TASK DESCRIPTION ▸ Write out the stretch of lines below that begins at the line with "Zu sehen ist" and ends at the line with "The Outlaw Gardener: Vassey", including both, exactly as given and nothing more.

******

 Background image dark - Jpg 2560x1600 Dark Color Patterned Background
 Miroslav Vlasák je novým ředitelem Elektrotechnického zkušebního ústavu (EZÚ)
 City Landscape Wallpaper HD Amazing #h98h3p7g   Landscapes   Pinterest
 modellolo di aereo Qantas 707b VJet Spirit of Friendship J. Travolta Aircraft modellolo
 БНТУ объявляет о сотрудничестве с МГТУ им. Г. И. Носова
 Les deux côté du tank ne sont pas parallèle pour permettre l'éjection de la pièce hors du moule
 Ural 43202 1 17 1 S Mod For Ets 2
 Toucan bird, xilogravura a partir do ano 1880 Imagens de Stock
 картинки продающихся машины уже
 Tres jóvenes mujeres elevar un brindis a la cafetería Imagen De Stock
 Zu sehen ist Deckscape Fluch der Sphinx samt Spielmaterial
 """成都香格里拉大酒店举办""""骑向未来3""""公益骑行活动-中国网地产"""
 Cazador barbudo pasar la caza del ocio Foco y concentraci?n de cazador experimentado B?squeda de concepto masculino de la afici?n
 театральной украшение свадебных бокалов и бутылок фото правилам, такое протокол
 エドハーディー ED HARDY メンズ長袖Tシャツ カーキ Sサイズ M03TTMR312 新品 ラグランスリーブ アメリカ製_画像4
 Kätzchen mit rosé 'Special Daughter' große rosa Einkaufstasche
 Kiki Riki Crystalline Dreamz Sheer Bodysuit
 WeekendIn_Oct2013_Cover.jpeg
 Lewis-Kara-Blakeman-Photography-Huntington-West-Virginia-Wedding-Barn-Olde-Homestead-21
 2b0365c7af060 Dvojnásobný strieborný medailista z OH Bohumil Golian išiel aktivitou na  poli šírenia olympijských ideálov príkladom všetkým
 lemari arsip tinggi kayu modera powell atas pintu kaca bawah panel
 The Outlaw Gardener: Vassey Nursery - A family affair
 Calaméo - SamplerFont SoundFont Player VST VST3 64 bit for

******

ANSWER SECTION ▸
 Zu sehen ist Deckscape Fluch der Sphinx samt Spielmaterial
 """成都香格里拉大酒店举办""""骑向未来3""""公益骑行活动-中国网地产"""
 Cazador barbudo pasar la caza del ocio Foco y concentraci?n de cazador experimentado B?squeda de concepto masculino de la afici?n
 театральной украшение свадебных бокалов и бутылок фото правилам, такое протокол
 エドハーディー ED HARDY メンズ長袖Tシャツ カーキ Sサイズ M03TTMR312 新品 ラグランスリーブ アメリカ製_画像4
 Kätzchen mit rosé 'Special Daughter' große rosa Einkaufstasche
 Kiki Riki Crystalline Dreamz Sheer Bodysuit
 WeekendIn_Oct2013_Cover.jpeg
 Lewis-Kara-Blakeman-Photography-Huntington-West-Virginia-Wedding-Barn-Olde-Homestead-21
 2b0365c7af060 Dvojnásobný strieborný medailista z OH Bohumil Golian išiel aktivitou na  poli šírenia olympijských ideálov príkladom všetkým
 lemari arsip tinggi kayu modera powell atas pintu kaca bawah panel
 The Outlaw Gardener: Vassey Nursery - A family affair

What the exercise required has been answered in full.